Today, we weave between the pyramids whose bases have history scratched into the stone: from the outlines of elephants, giraffe and gazelles showing that this area was once fertile grassland, to the graffiti left by British General Sir Herbert Kitchener’s soldiers passing by on their way to the Battle of Omdurman in 1898.
Several archaeologists, making the most of the cooler early morning hours, are painstakingly restoring the crumbling corners. They nod sagely as we pass, before returning to their work. One of the smaller pyramids, restored in the 1980s, bears a smooth rendered exterior. But it looks a little cartoonish and I veer towards the untouched structures. There’s an air of defiance about them as they stand firm against the sands that are trying to swallow them up.
Indeed, it was an act of resistance that led to the pyramids at Meroë being built in the first place. “History tells us that Kushite King Arakamani (Ergamenes) grew tired of the power wielded by the high priests, so when they sent the order for him to kill himself, he responded by having them all murdered instead,” says Hitam. The rebellion issued in a new era of Meroitic culture: the almighty Egyptian god Amun-Ra was downgraded in favour of the lion god Abedemak, the (still-undeciphered) Meroitic script was created and queens ruled the army. As we enter one of the narrow tombs, Hitam points to the walls. “See how the kings stand taller than the gods? You’ll never see that in Egypt,” he says. “The kings controlled everything, except death, so they built the pyramids for [their] immortality.” We exit into the burgeoning sunlight.
Unharassed by touts or hemmed in by barriers, I get a genuine sense of exploration as we duck into different doorways and I run my fingers lightly over the ancient etching on the walls. Eventually, we come to tomb number six, which belonged to the warrior queen, Amanishakheto. It was the first one destroyed by Ferlini in his search for gold and the one in which he hit the jackpot, unearthing a stash of jewellery hidden near the apex. In brutish fashion, he crowbarred the cartouche of her face off the slabs of stone at the entrance — but it has since been replaced with a replica, and I trace my finger over three scratches raked across her cheek. “What are these?” I ask. “They’re the tribal markings of Kushite women,” Hitam explains.

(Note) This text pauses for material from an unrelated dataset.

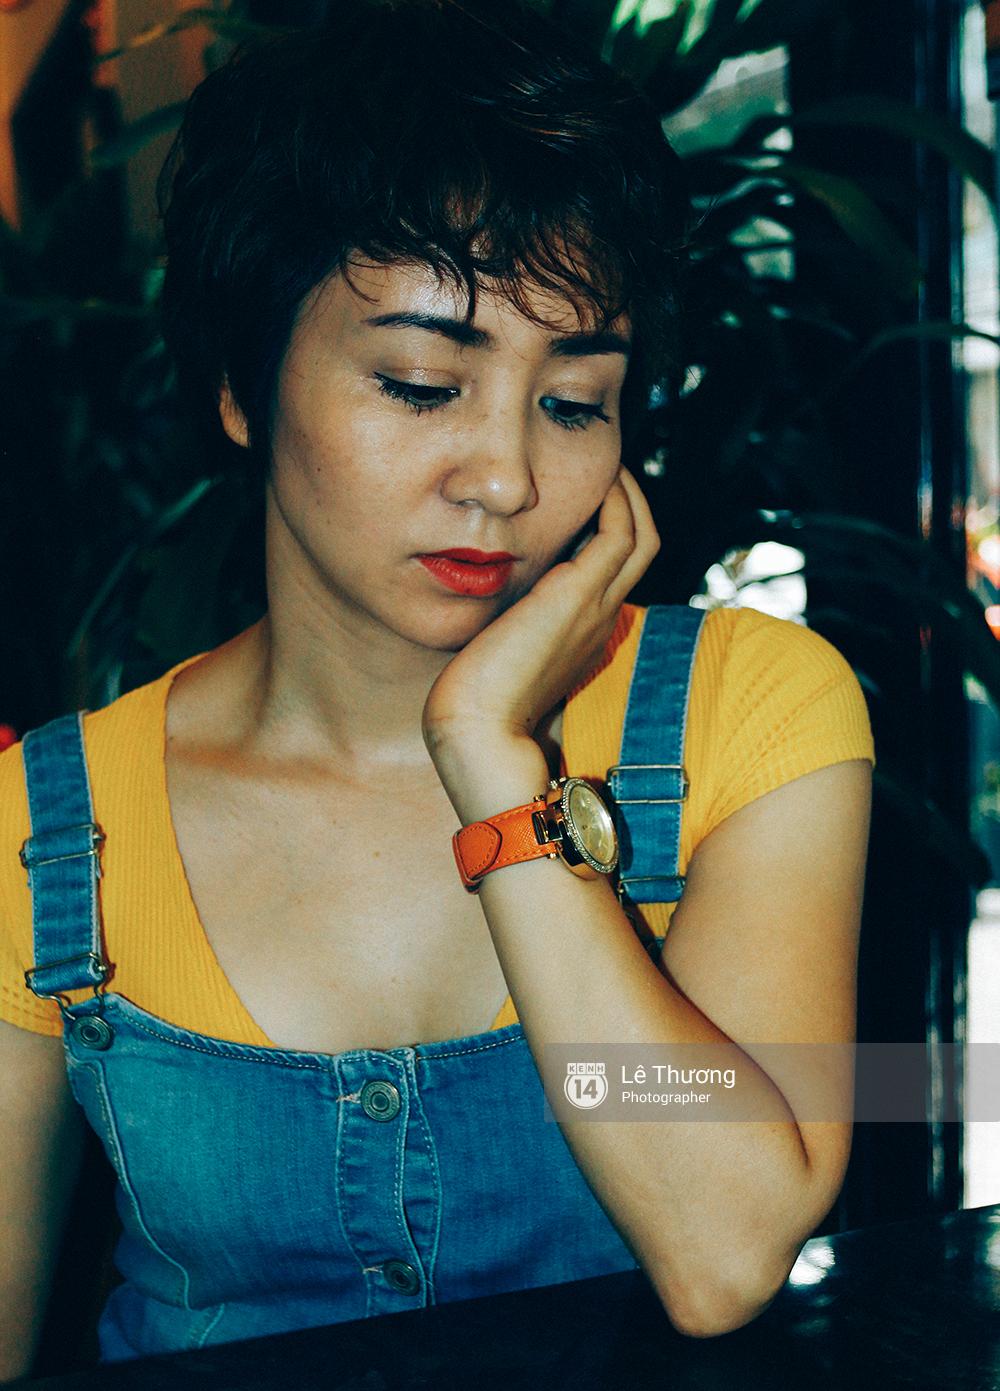 Nữ hoàng Wushu Việt Nam Thúy Hiền: Có lúc tôi muốn chết cho xong - Ảnh 4.

The heat is rising fast. Here, the dry air doesn’t just make you sweat; it blasts the moisture from you like a hairdryer, so we take a chance and make our way to the old Royal City of Meroë nearby. We find it closed for excavations, but at the gate meet Mawya, a third-generation guardian whose grandfather helped the first archaeologists unearth the site in 1909. I ask him for stories of the past. He leans on the door frame and looks far into the distance. “My grandmother told me that during the rainy season, they’d all run to collect the gold when it washed from the tombs to the surface.”
It’s time to return to Khartoum, but en route we stop at the home of Mr Hassan and his wife, Zakia. Sitting on weathered plastic chairs, we enjoy the cool shade of their whitewashed compound. Hitam looks at me to see if I’ve noticed anything, but he needn’t have. As Zakia hands me a flute of piping hot coffee, I catch sight of a trio of tribal markings flowing, like dry riverbeds, towards her jaw. They’re exactly like those marking the likeness of Queen Amanishakheto at Meroë. A true Nubian, Zakia’s ancestors are direct descendants of the Kushites. All of a sudden ancient history doesn’t seem so distant.